En estos días, miles nos dejamos conmover por la belleza del fondo del mar argentino: una estrella de mar, un pepino translúcido, un pez abisal. Ese asombro genuino nos conecta con algo profundo: la riqueza de nuestros recursos naturales y la maravilla de nuestra fauna marina. Pero justamente por eso, no podemos perder de vista lo esencial. Lo que vimos nos pertenece. Y debe reafirmar nuestra lucha por la soberanía sobre mares y ríos. El conocimiento sin herramientas propias es dependencia. La ciencia sin barcos es ciencia sin soberanía.
En estas horas, millones de argentinos y argentinas siguen con entusiasmo el streaming en vivo de una expedición científica en el Cañón Submarino de Mar del Plata. En redes sociales, el fenómeno fue imparable: memes, capturas, nombres simpáticos para los animales encontrados —como la ya célebre “estrellita culona”—, clips compartidos y una emoción colectiva difícil de ignorar. Sin embargo, entre tanta fascinación por el fondo del mar, no dejemos de mirar lo que flota en la superficie: la ciencia argentina está siendo vaciada, y quien navega nuestras aguas es un buque extranjero.
El buque en cuestión se llama R/V Falkor (Too). Es un moderno barco oceanográfico, pero no argentino. Está registrado bajo bandera de las Islas Caimán, territorio británico de ultramar, y es operado por el Schmidt Ocean Institute, una fundación norteamericana fundada por Eric Schmidt, ex CEO de Google. Es decir, la expedición se hizo en aguas argentinas, con científicos del Conicet, pero a bordo de un barco británico y financiada con infraestructura estadounidense.
La transmisión en vivo del descenso del ROV (vehículo submarino no tripulado) fue un éxito. A través de YouTube, más de 2 millones de personas vieron la expedición. Hubo más de 30.000 espectadores simultáneos en momentos pico. Las criaturas halladas —algunas nuevas para la ciencia— generaron asombro, curiosidad e identificación emocional. La estrella de mar apodada “culona”, peces transparentes, corales y especies abisales captaron la atención del país entero.
Ese entusiasmo social no es menor: demuestra que el conocimiento despierta emociones y que existe un vínculo profundo entre la comunidad y su entorno natural. Pero también evidencia un vacío: cuando el Estado abandona su rol, el espectáculo —aunque valioso— reemplaza a la política pública.
Mientras se viralizaban las criaturas submarinas, el Conicet sigue sufriendo recortes, los institutos de investigación sobreviven con presupuestos mínimos, y la Argentina no cuenta con buques científicos propios plenamente operativos. Si esta campaña pudo realizarse fue gracias a una fundación extranjera que puso el barco, la tecnología y el canal de difusión.
Esto no es cooperación científica: es dependencia estructural. Y es parte de un modelo que desfinancia el sistema nacional de ciencia y técnica, mientras celebra un espectáculo del que somos espectadores más que protagonistas.
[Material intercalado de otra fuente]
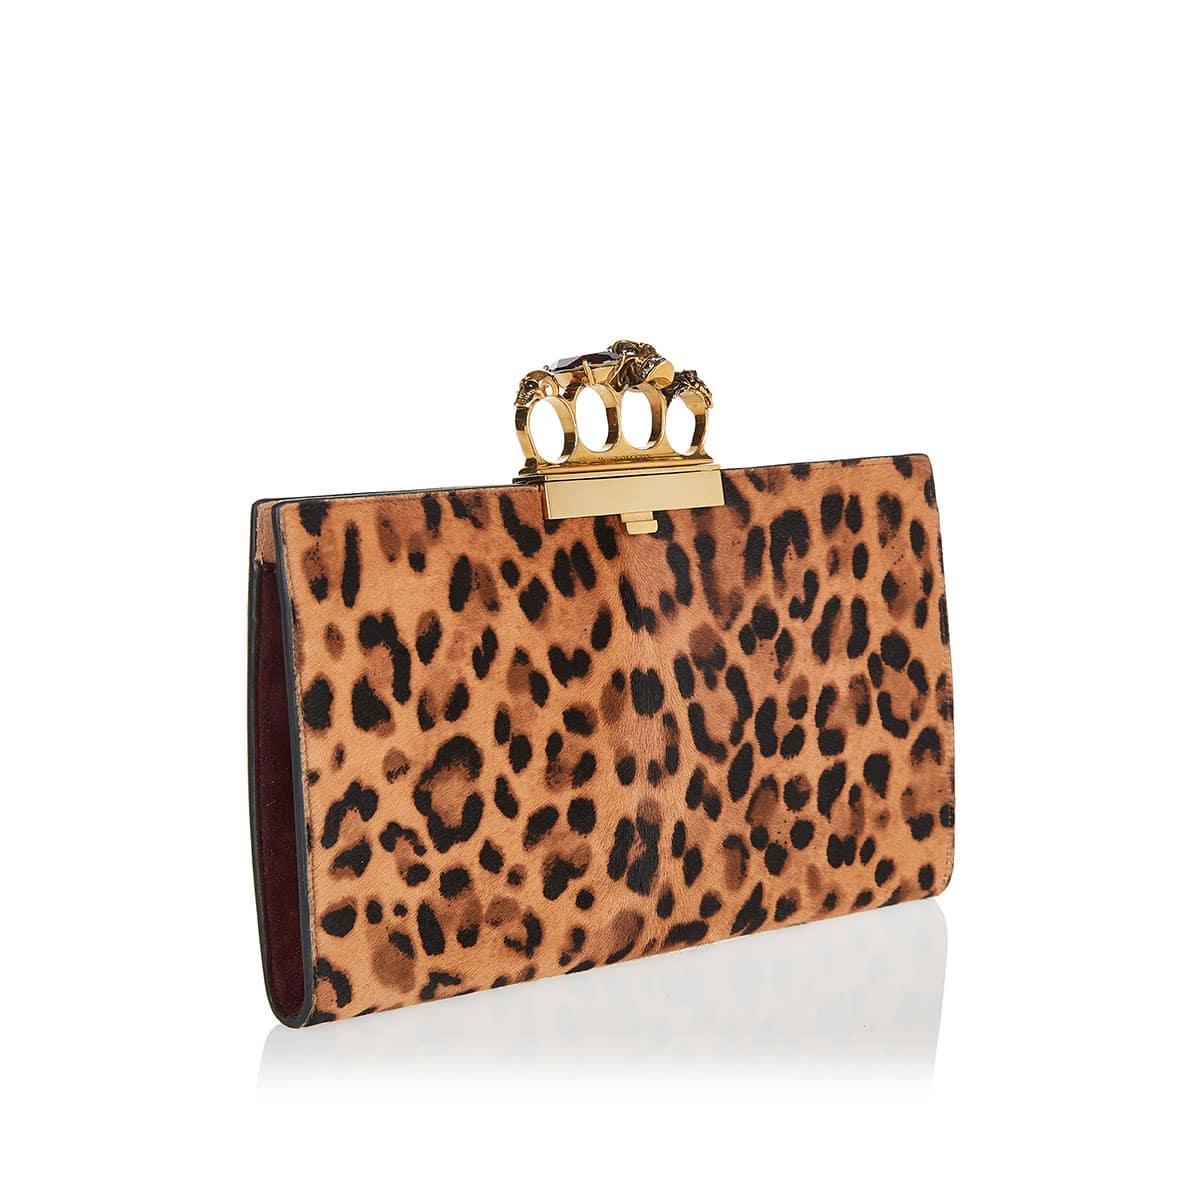 Four ring leopard clutch

En un país que supo lanzar satélites, construir reactores y formar científicos de excelencia, explorar nuestro mar con buques ajenos debería encender una señal de alarma, no de euforia ingenua.
No se trata de negar el valor del descubrimiento ni el mérito de los investigadores argentinos, que son reconocidos y admirables. Se trata de no perder de vista el contexto. No alcanza con emocionarnos por lo nuestro si no podemos investigarlo con herramientas propias.
Celebramos la estrellita culona, pero no olvidemos que no tenemos el barco, ni el presupuesto, ni la voluntad política de sostener un proyecto científico soberano.